:: What the task requires ::
Take the whole listing and reproduce it exactly, pictures excepted.

:: Material provided ::
Segment Open

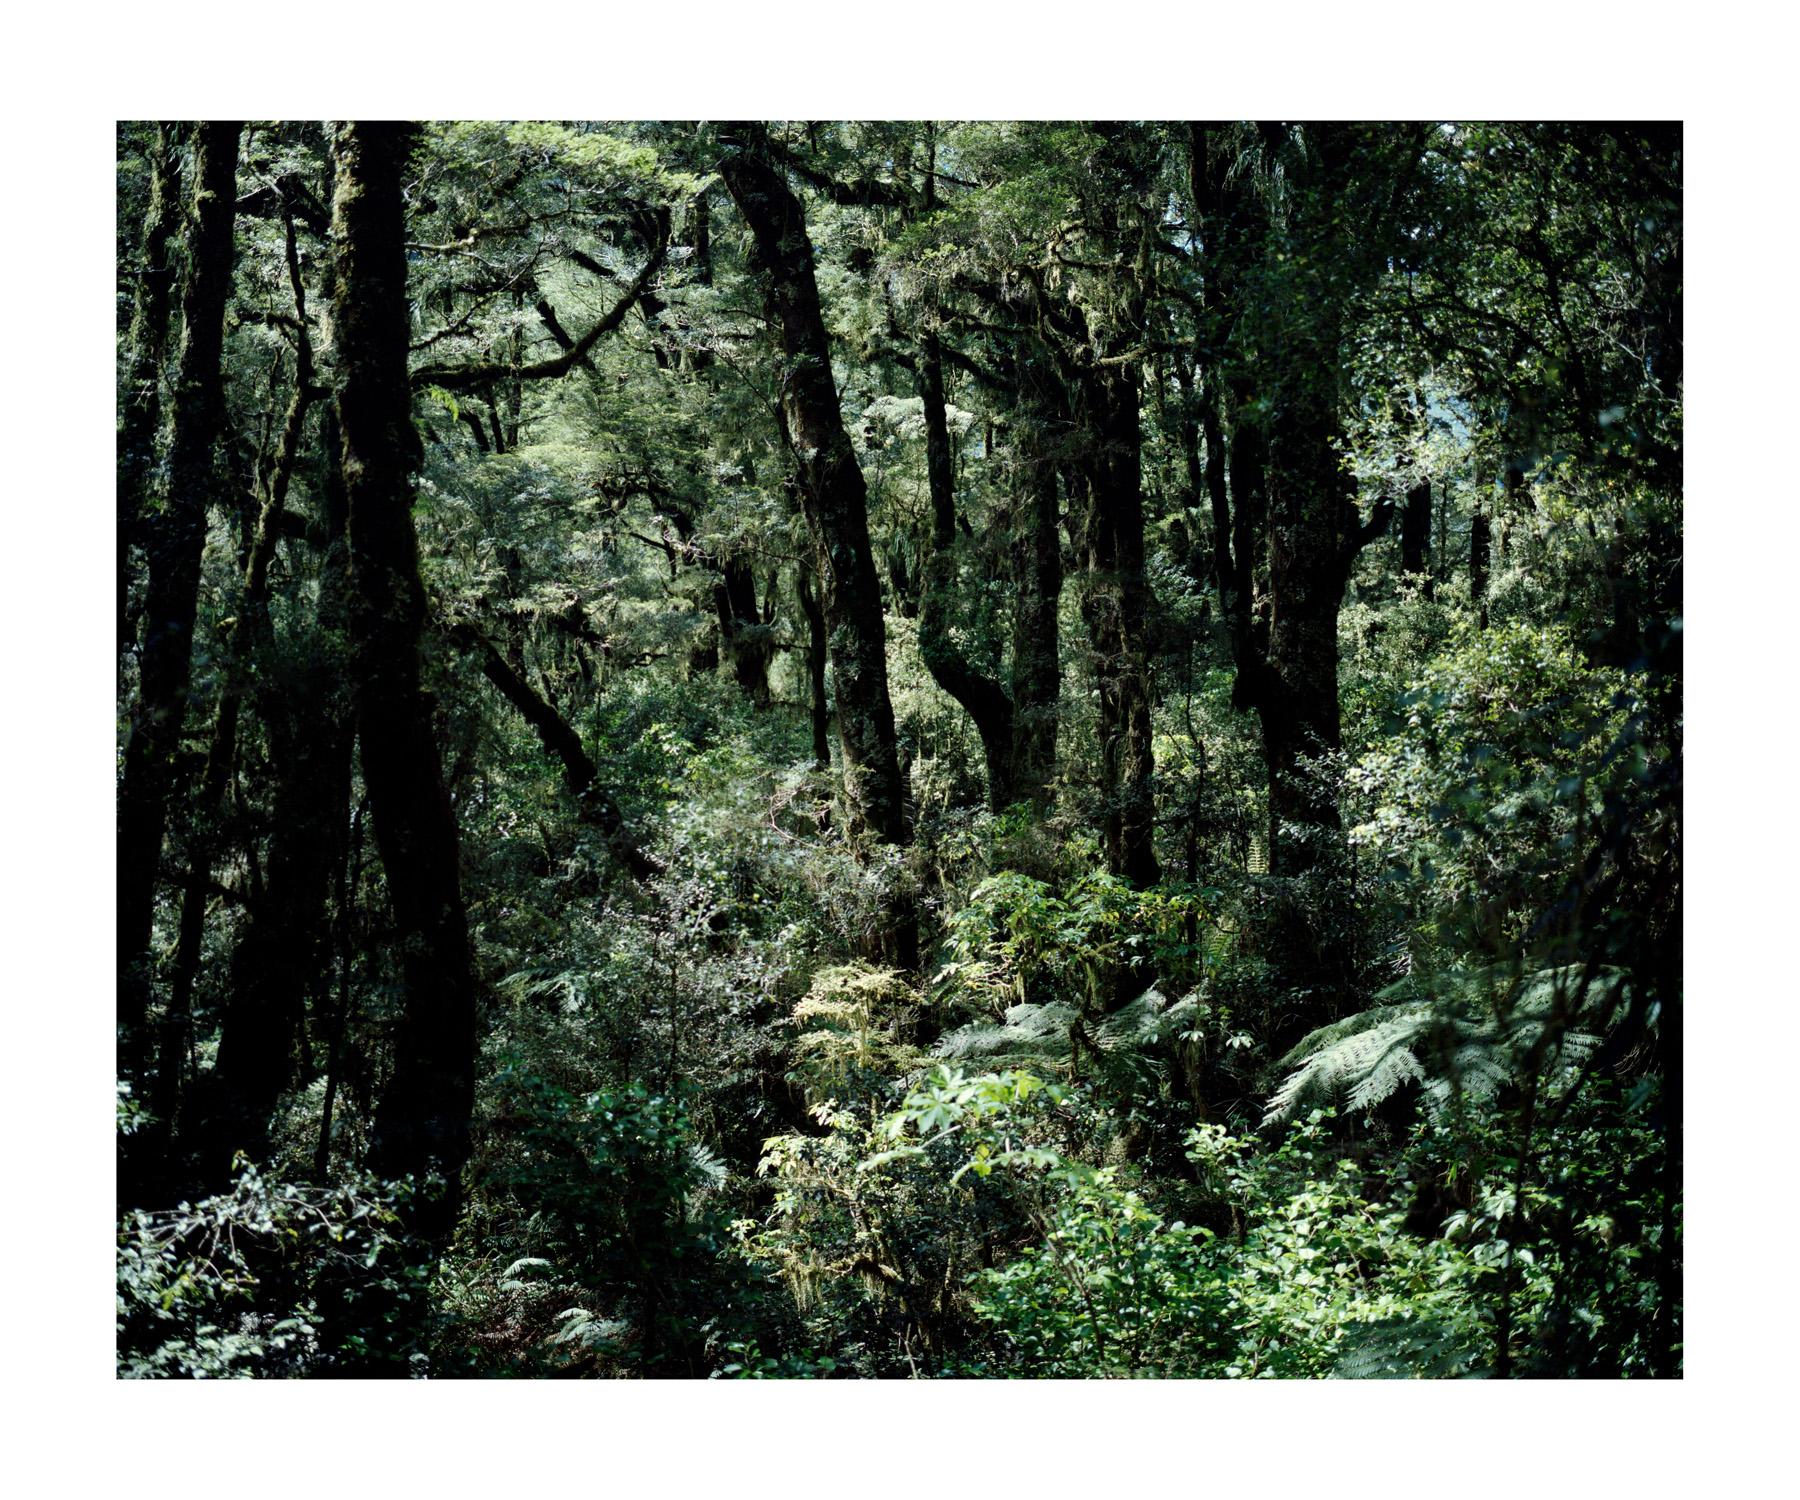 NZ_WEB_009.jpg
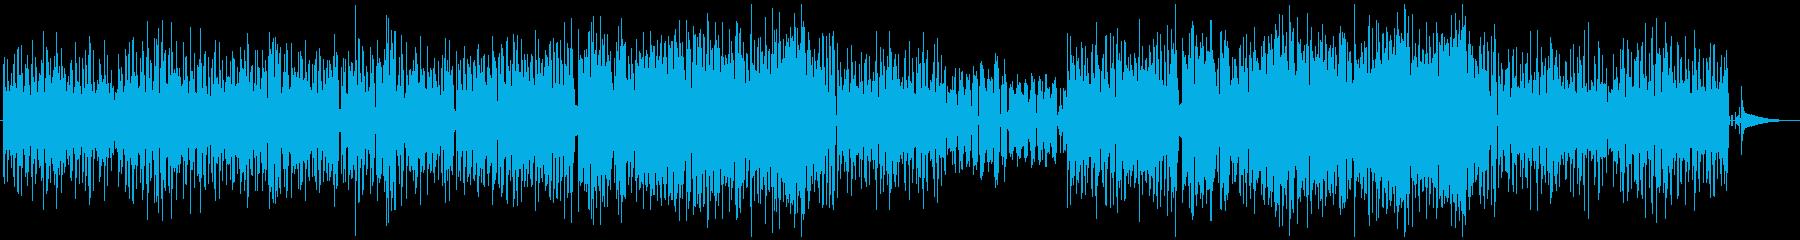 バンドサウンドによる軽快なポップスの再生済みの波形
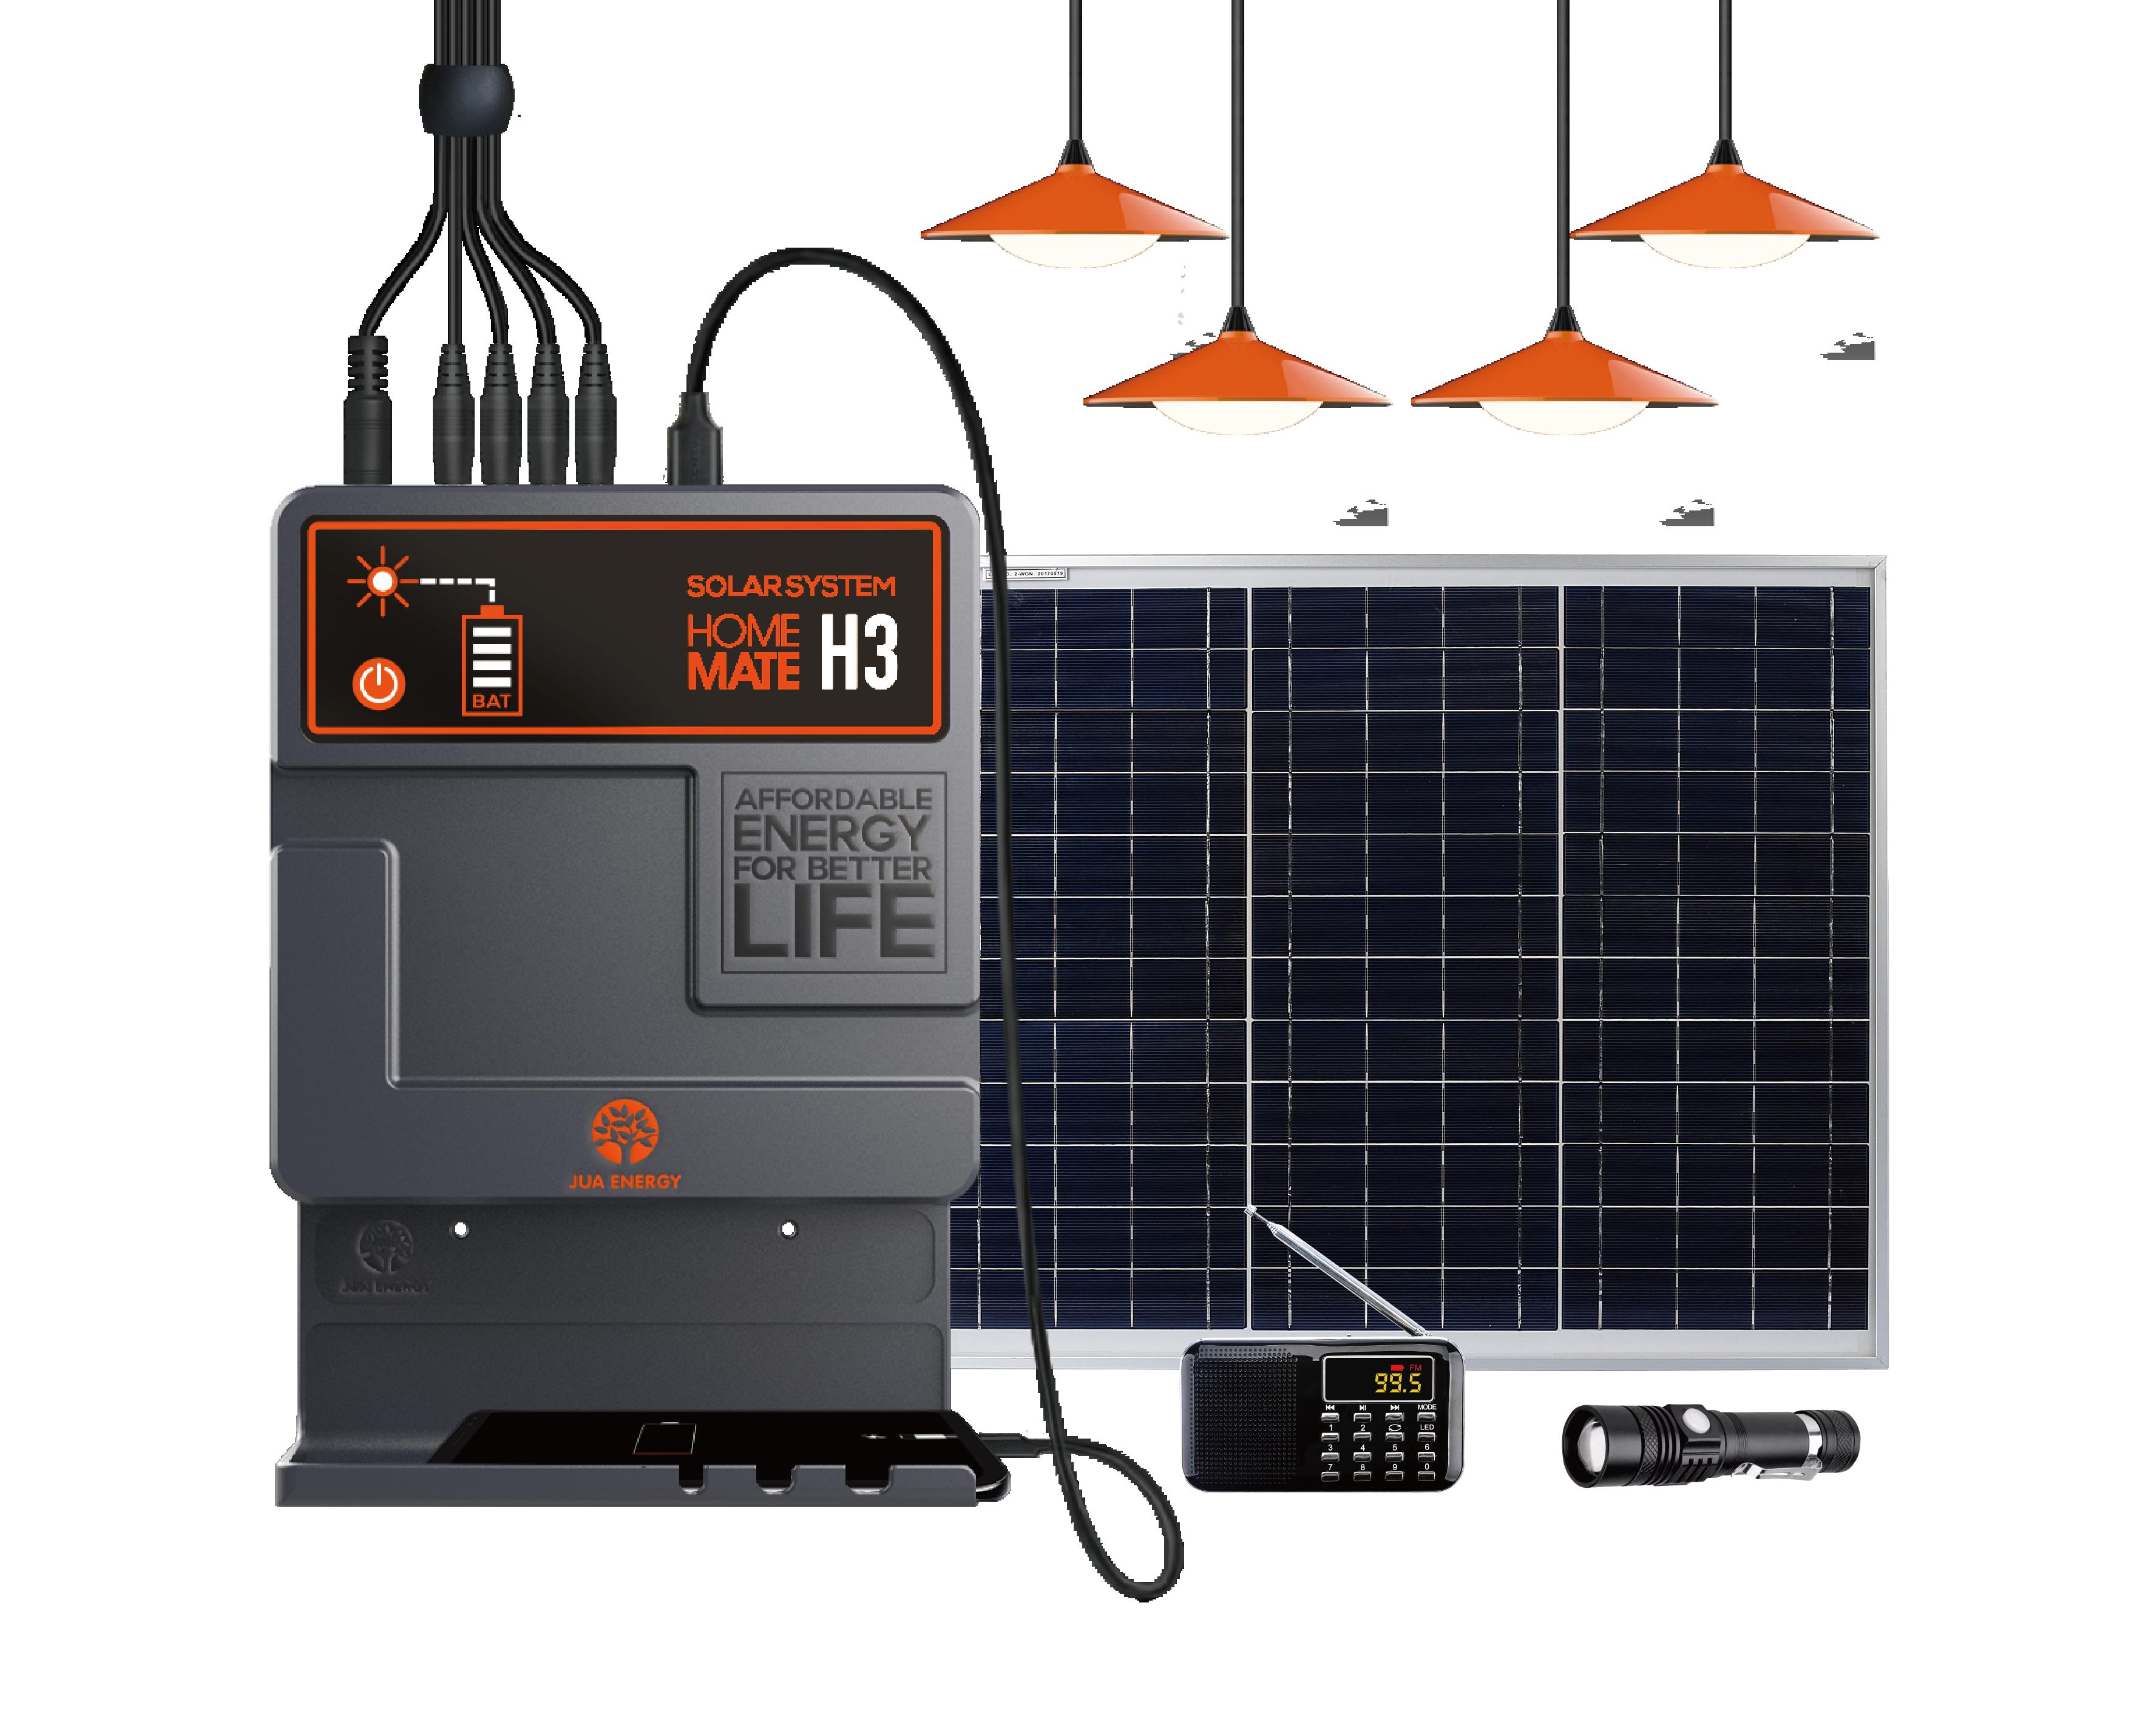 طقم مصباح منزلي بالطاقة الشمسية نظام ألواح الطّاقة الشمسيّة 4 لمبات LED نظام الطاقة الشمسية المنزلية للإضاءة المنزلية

Segment Closed

:: Output below ::
 NZ_WEB_009.jpg
 バンドサウンドによる軽快なポップスの再生済みの波形
 طقم مصباح منزلي بالطاقة الشمسية نظام ألواح الطّاقة الشمسيّة 4 لمبات LED نظام الطاقة الشمسية المنزلية للإضاءة المنزلية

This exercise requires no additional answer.